Philippe-Enrico Attal
Les Romains ont-ils abreuvé Paris ?
« Fluctuat Net Mergitur », la devise de Paris rappelle le lien originel entre la ville et son fleuve. Le premier établissement sur l’Île de la Cité est lié à la présence de la Seine qui permet les transports et garantit la vie. Mais cette proximité ne suffit pas à assurer un bon approvisionnement. À mesure que la ville s’étend, la question de l’accès à l’eau devient cruciale. C’est à l’époque romaine que Lutèce connaît sa première grande période d’extension sur la rive gauche.

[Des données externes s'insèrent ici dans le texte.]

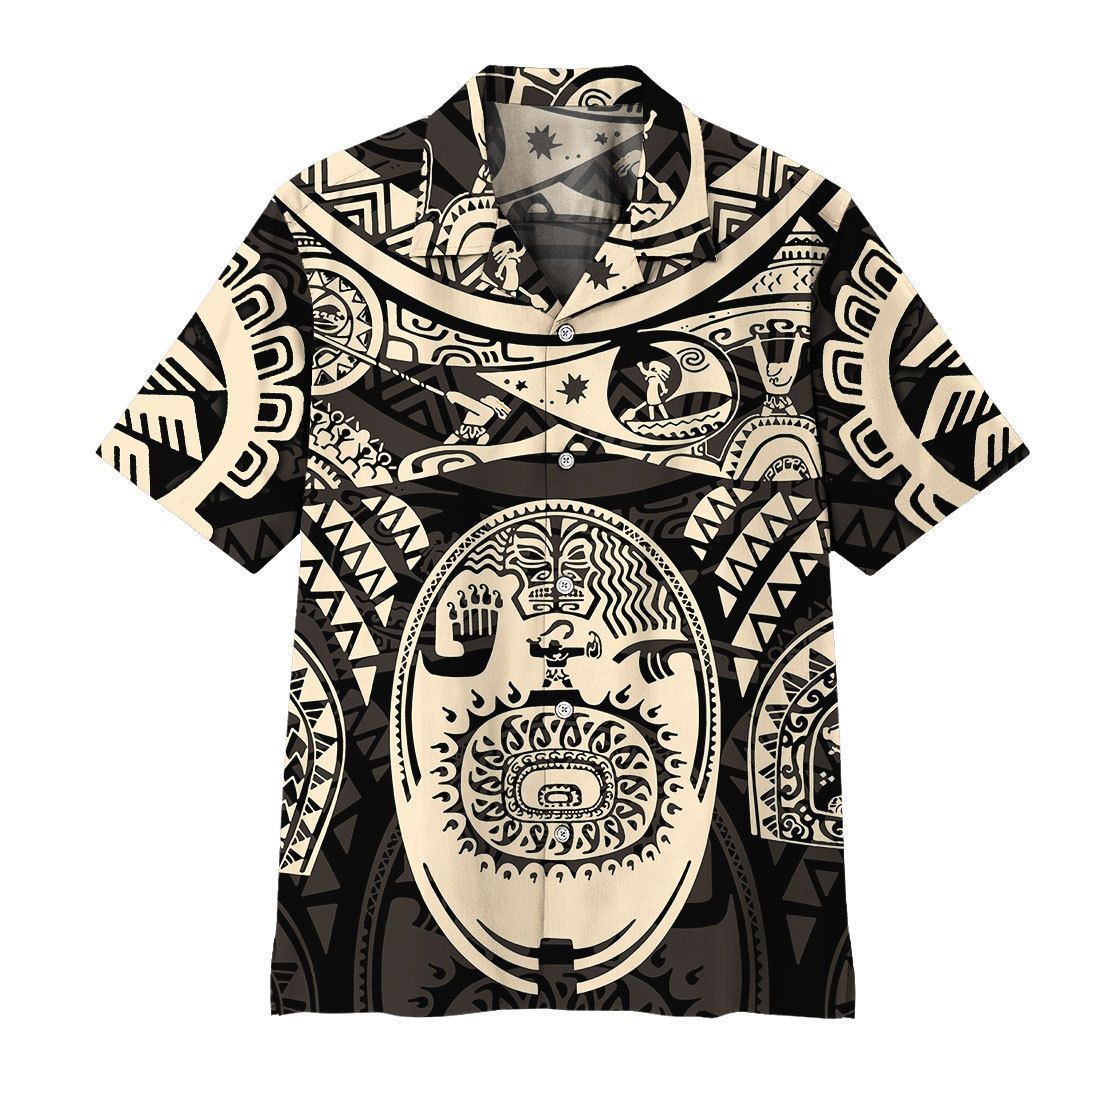 Gearhuman 3D A Demigod Of Hawaii Tattoo Hawaii Shirt ZK0207213 Short Sleeve Shirt Short Sleeve Shirt S

Les Romains sont de grands consommateurs d’eau qu’ils utilisent également pour le plaisir. L’édification des thermes de Cluny rappelle le rapport particulier de la société gallo-romaine à l’eau. Mais la seule présence du fleuve, partiellement impropre et boueux, ne suffit pas à alimenter la ville. Au iie siècle de notre ère, pour obtenir un approvisionnement en abondance et de bonne qualité, on édifie un ouvrage d’adduction d’eau comportant un aqueduc pour franchir la vallée de la Bièvre. D’une longueur de 16 km, il permet de capter les sources des plateaux de Wissous et de Rungis pour les amener au pied de la montagne Sainte-Geneviève et alimenter les thermes. Grâce à ce réseau, la ville est approvisionnée correctement durant cinq siècles. Mais le manque d’entretien finit par tarir les canalisations et les fontaines, et c’est bien souvent directement dans la Seine que l’on se sert. C’est aussi dans le fleuve que l’on déverse les eaux usées, à commencer par les seaux d’aisance. S’ensuivent de nombreuses épidémies dont les causes ne sont pas toujours très bien déterminées. Sur la rive gauche, la Bièvre sert également à évacuer les déchets liés à l’industrie des teinturiers qui se développe progressivement sur ses berges. La mauvaise qualité de l’eau est un frein à la croissance de Paris. L’édification de nouveaux quartiers ne peut se faire qu’avec un approvisionnement régulier, aussi rudimentaire soit-il. La situation est plus critique encore pour les commerces et les marchés fortement tributaires de la ressource.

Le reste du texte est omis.